▸ **EXCERPTED RECORDS**
:::
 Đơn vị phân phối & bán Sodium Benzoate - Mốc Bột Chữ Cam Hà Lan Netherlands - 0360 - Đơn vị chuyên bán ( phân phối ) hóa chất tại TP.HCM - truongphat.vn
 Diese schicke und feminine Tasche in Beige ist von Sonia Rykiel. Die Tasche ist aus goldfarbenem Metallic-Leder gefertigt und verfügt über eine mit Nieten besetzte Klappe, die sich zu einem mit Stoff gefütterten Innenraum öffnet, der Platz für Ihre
:::
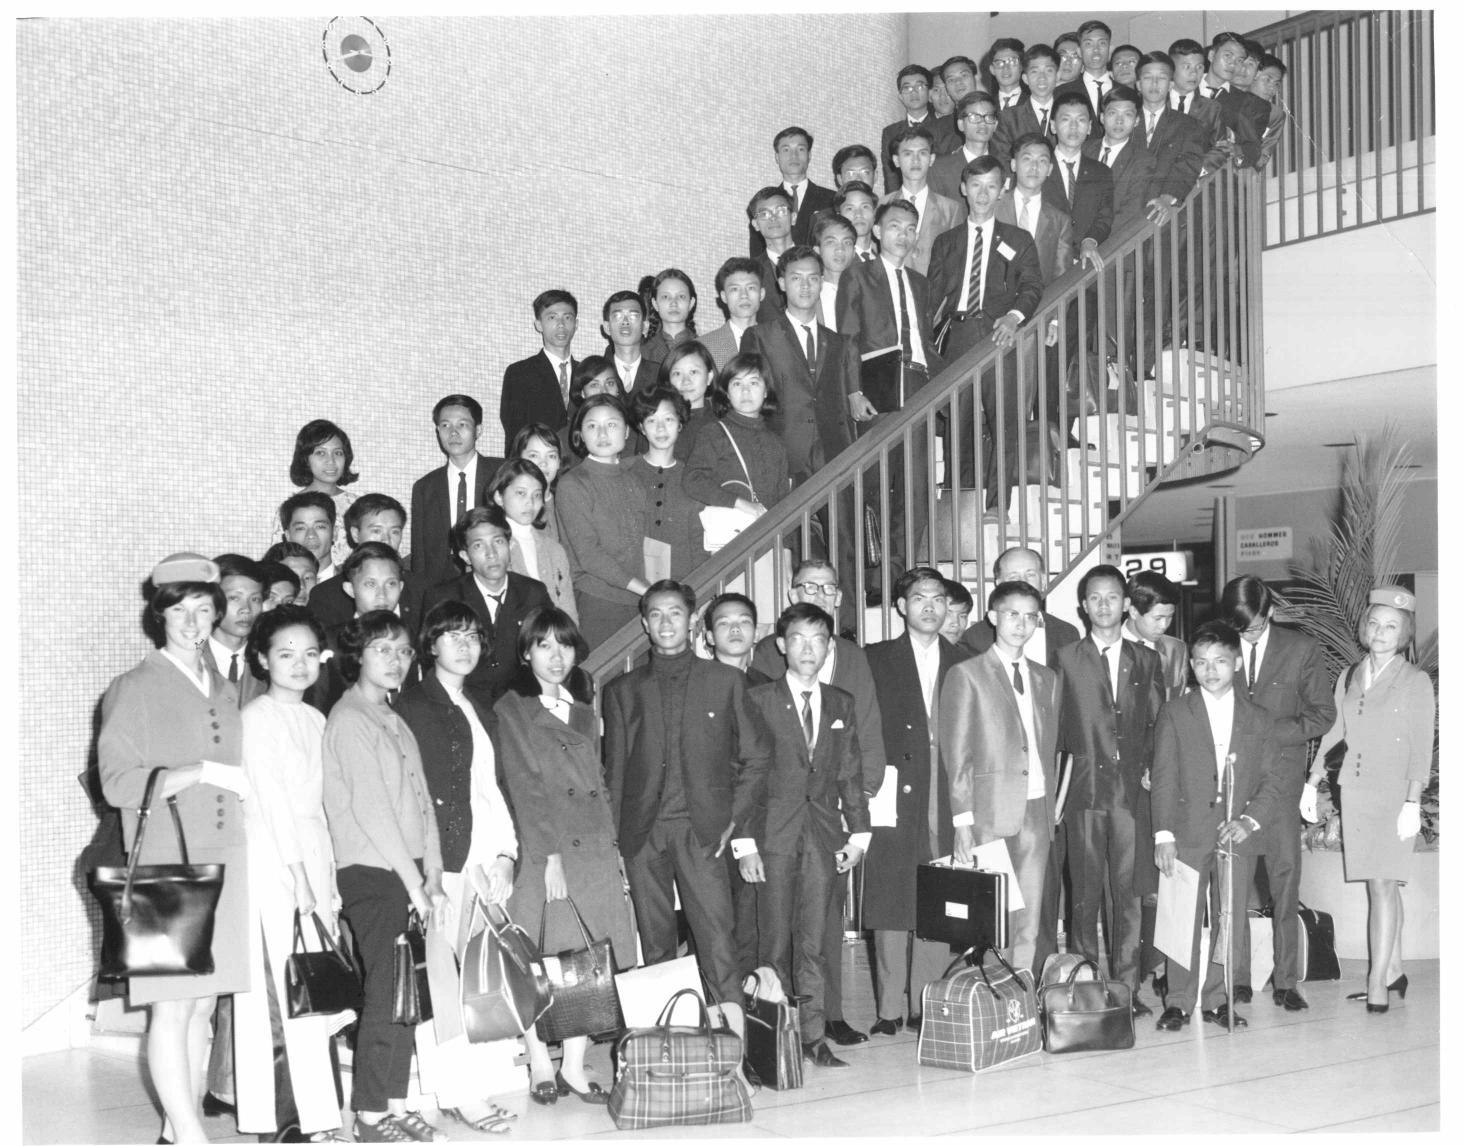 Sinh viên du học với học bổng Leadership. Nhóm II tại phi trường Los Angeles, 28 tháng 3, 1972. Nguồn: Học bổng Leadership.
:::
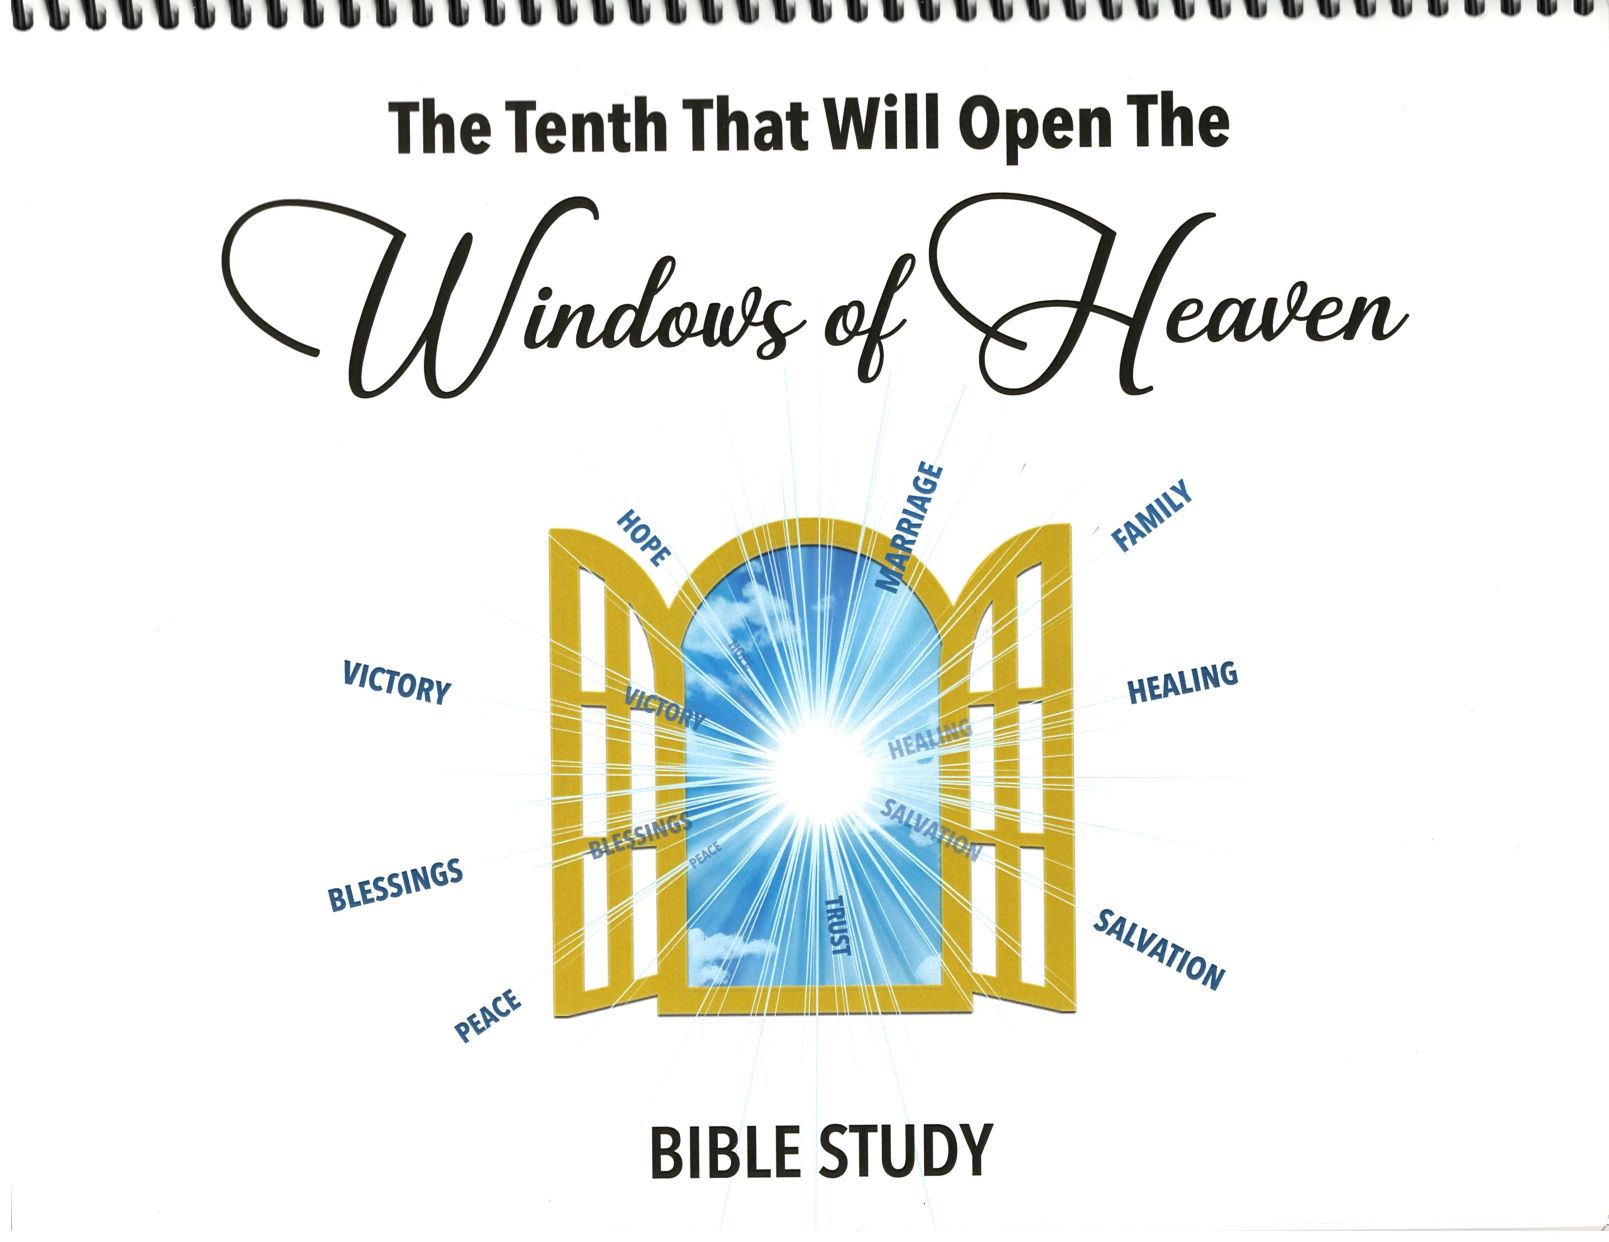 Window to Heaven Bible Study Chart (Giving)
:::
▸ **PROBLEM TO SOLVE**
Retype word for word everything in the listing above from the line that holds "Đơn vị phân" down to the line that holds "Diese schicke und". Keep both end lines and leave out the rest.

▸ **ANSWER TO THIS TASK**
 Đơn vị phân phối & bán Sodium Benzoate - Mốc Bột Chữ Cam Hà Lan Netherlands - 0360 - Đơn vị chuyên bán ( phân phối ) hóa chất tại TP.HCM - truongphat.vn
 Diese schicke und feminine Tasche in Beige ist von Sonia Rykiel. Die Tasche ist aus goldfarbenem Metallic-Leder gefertigt und verfügt über eine mit Nieten besetzte Klappe, die sich zu einem mit Stoff gefütterten Innenraum öffnet, der Platz für Ihre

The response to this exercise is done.